The council also approved the subdivision's preliminary plat.
The actions cap months of planning, discussion, negotiation and -- at times -- controversy as the Clearwater Creek proposal worked its way through city government.
Even though it now has a green light to keep moving forward, some controversy remains.
The council has yet to decide about a future city road through the preserve to the subdivision -- a possibility that's prompted dozens of citizens to write letters and pack city hall during recent public meetings. The council is expected to discuss that matter later this month.
The council's vote Tuesday on the zoning was 5-1, with Mayor Dave Rose against. He has described the residential zone proposed for the subdivision as being out of sync with the area.
The preliminary plat vote was unanimous. Councilman Brad Anderson recused himself from the Clearwater Creek votes because of business dealings with developer Hayden Homes.
After the meeting, Rose noted that most public feedback has centered on the potential road, not on the subdivision itself, which was the subject of Tuesday's votes. He said he appreciated the way all those who have spoken up have handled themselves throughout the process.
The 320-home subdivision is to sit on more than 100 acres south of Claybell Community Park, between Steptoe Street and the Amon preserve. Leslie Road is west of the preserve.

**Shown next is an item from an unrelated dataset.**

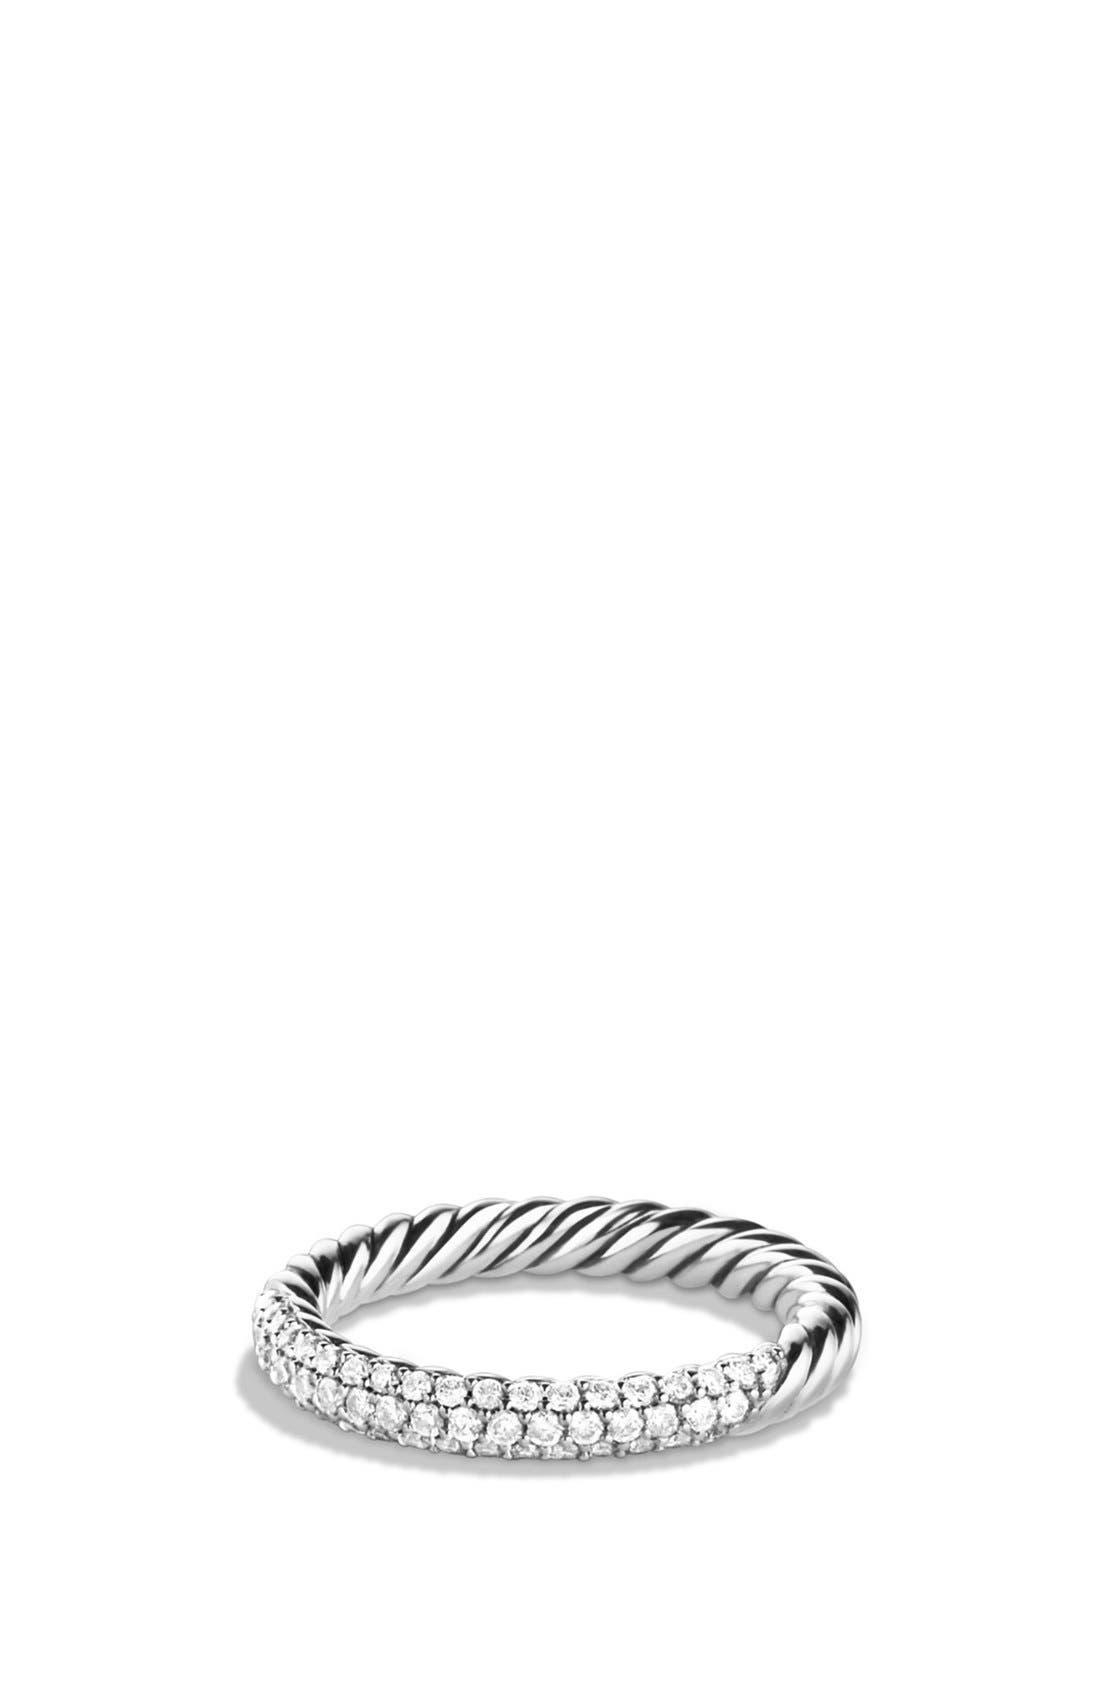 'Petite' Pavé Ring with Diamonds,                             Main thumbnail 1, color,                             Diamond

Nathan Machiela, land development manager for Hayden Homes, said Tuesday afternoon that the subdivision is to be done in phases, about 35 lots at a time, with the first lots potentially available by the end of this year. He declined further comment after the meeting.
Clearwater Creek stirred concern in the community when it first was proposed because of potential harm to the Amon preserve. But an agreement between Hayden Homes and the nonprofit Tapteal Greenway helped ease some of that worry by setting up a buffer area.
Clearwater Creek also has 32 acres for open space and about 14 acres for a school. (The subdivision falls within the Kennewick School District, although it's in the city of Richland.)
The Kennewick district has had its eye on property within the subdivision for a future elementary school, although at this point it's unclear whether that will move forward.
District officials have said a connection from Leslie near Rachel Road to the subdivision will be needed to accommodate school traffic and create enough access, and if it's taken out of the city's transportation plan, they'll likely look elsewhere for a future school site.
The connection would be part of a longer city road between Leslie and Steptoe -- a route the city long has identified as an eventual need. It would almost certainly have to cross the preserve.
Many community members have urged the city to drop the idea of building a road through the preserve, citing damage to the unique natural area.
The city council is expected to weigh in on the potential future road when it takes up the city's six-year Transportation Improvement Program in a couple of weeks.